There really isn't a way to create an expression such that the matched text is different than what is found in the source text. You will need to remove the hyphen in a separate step either by matching the first and second parts individually and concatenating the two groups:

match = Regex.Match( text, "([A-B]{2,3})-([0-9]{2,3})" );
matchedText = string.Format( "{0}{1}", 
    match.Groups.Item(1).Value, 
    match.Groups.Item(2).Value );

Or by removing the hyphen in a step separate from the matching process:

match = Regex.Match( text, "[A-B]{2,3}-[0-9]{2,3}" );
matchedText = match.Value.Replace( "-", "" );
Jeff Hillman
  • 7,250
  • 3
  • 30
  • 34
4

Your assertion that its not possible to do without sub-grouping + concatentating it is correct.

You could also do as Jeff-Hillman and merely strip out the bad character(s) after the fact.

Important to note here tho, is you "dont use regex for everything".

Regex is designed for less complicated solutions for non-trivial problems, and you shouldn't use "oh, we'll use a regex" for everything, and you shoudn't get into the habbit of thinking you can solve the problem in a one-step regex.

When there is a viable trivial method that works, by all means, use it.

An alternative Idea, if you happen to be needing to return multiple matches in a body of code is look for your languages "callback" based regex, which permits passing any matched/found group to a function call which can do in-line substitution. ( Especially handy in doing regexp replaces ).

Not sure how it would work in .Net, but in php you would do something like ( not exact code )

  function strip_reverse( $a )
  {
     $a = preg_replace("/-/", "", $a );
     return reverse($a);
  }
  $b = preg_replace_callback( "/(AB[-]?cde)/" , 'strip_reverse' , "Hello World AB-cde" ; 
Kent Fredric
  • 54,014
  • 14
  • 101
  • 148
  • 1
    It is a common misunderstanding that regex is for "less complicated siutations" only.
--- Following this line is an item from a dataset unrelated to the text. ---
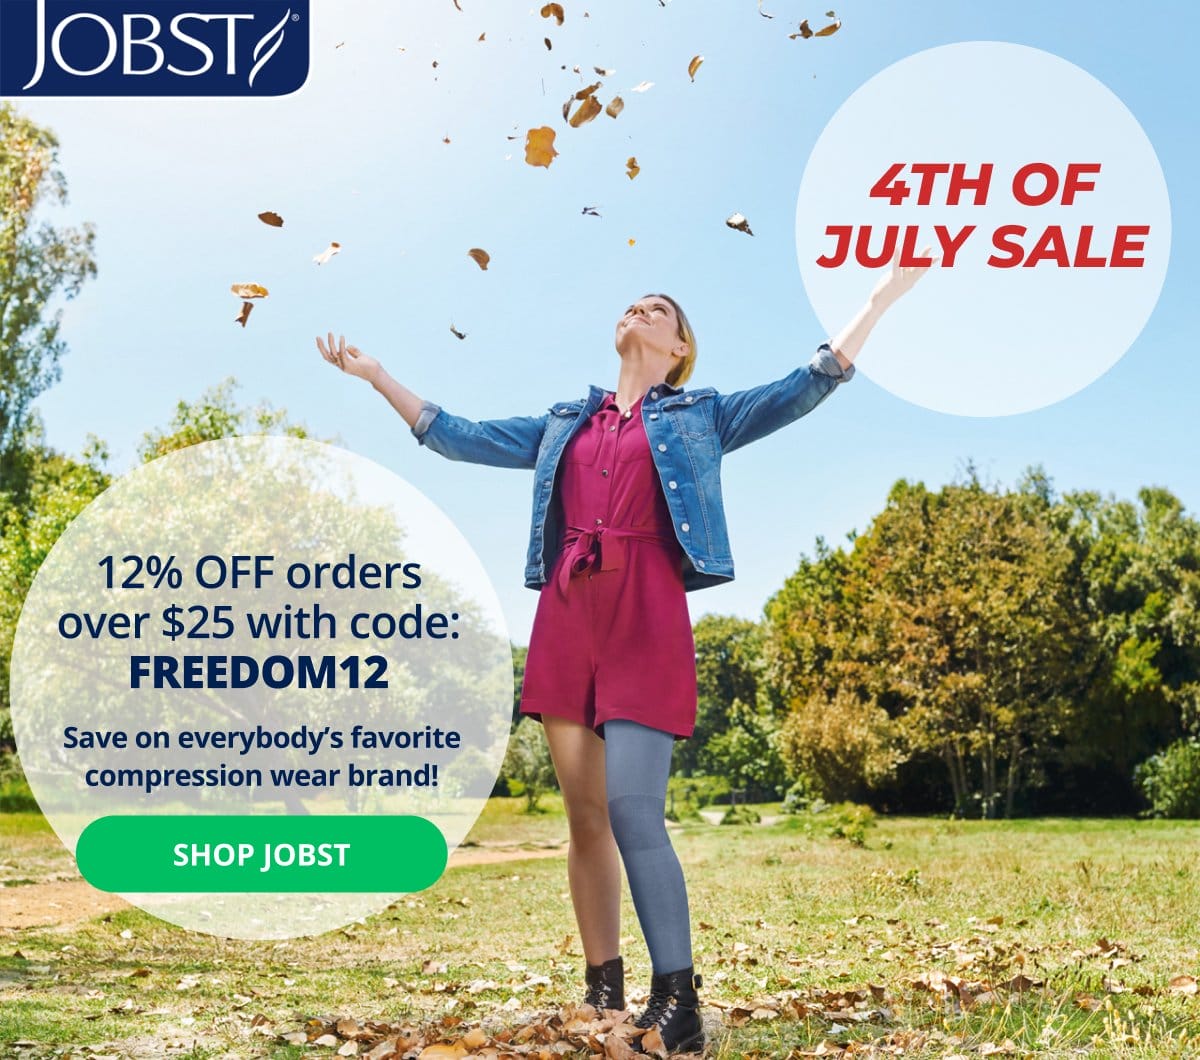 JOBST – 4th Of July Sale → 12% OFF orders over \\$25 with code: FREEDOM12 Save on everybody’s favorite compression wear brand! → SHOP JOBST

Regex is immensely powerful and con solve really complex stuff. Regex is just not the right tool for things that are not regular. It's simple: There are things that work with regex, and there are those that don't. – Tomalak Nov 10 '08 at 11:13
  • 1
    yes, but theres a prolific /overuse/ of regex in situations where the solution is using a firearm to holepunch paper. it'll work, but there are complications that don't exist in the simpler solution. The key is knowing when *not* to use regex ;) – Kent Fredric Nov 10 '08 at 11:34
  • Knowing when to use which tool is always the key. I would probably avoid using regex in a long loop when there was another way (say, "indexOf" plus a little math). – Tomalak Nov 10 '08 at 12:20
  • For those cases there is the "study regex" optimisation which makes a memory tree to boost regex matching ;) – Kent Fredric Nov 10 '08 at 12:35
4

You can use nested capture groups, like this:

((AB)-(123))

The first capture group is AB-123, the second is AB, and the third is 123. Then all you would have to do is join the second and third group with a space.

Alan Moore
  • 68,531
  • 11
  • 88
  • 149
Steve
  • 41
  • 1
0

Kind of late, but I think I figured this one out. At least one way to do it.

I used positive lookahead to stop at the # sign in my text. I didn't want the space or the # sign, so I had to figure a way out to "skip" over them. So when I was forced to match them again, I dumped them into a garbage group that I didn't plan on using (.ie, a bit bucket) which in the code is . Now, my place pointer is one character position beyond the # sign (where I want to be, skipping the space and the # sign). And I now just match to the end of the file name at the . and ignore the file extension.

(?i)English\\(?<Series>[^ ]+) - (?<Title>.+(?= #))(?<garb1>..)(?<Number>[^.]+)(?-i)

The Filename this was used on is

F:\Downloads\Downloads\500 Comics CCC CBR English\Isukani - Great Girl #01.cbr
LW001
  • 1,812
  • 4
  • 19
  • 28
Logan9773
  • 13
  • 3
0

I am kind of new to this, but you could use the vertical bar symbol |, which acts as an OR.

This could work for .NET:

((?<=[A-Z]{2}-)\d\d\d)|([A-Z]{2}(?=-\d\d\d))

This works for me in a VIM syntax file:

\(\([A-Z]\{2}-\)\@<=\d\d\d\)\|\([A-Z]\{2}\(-\d\d\d\)\@=\)
rky
  • 13
  • 2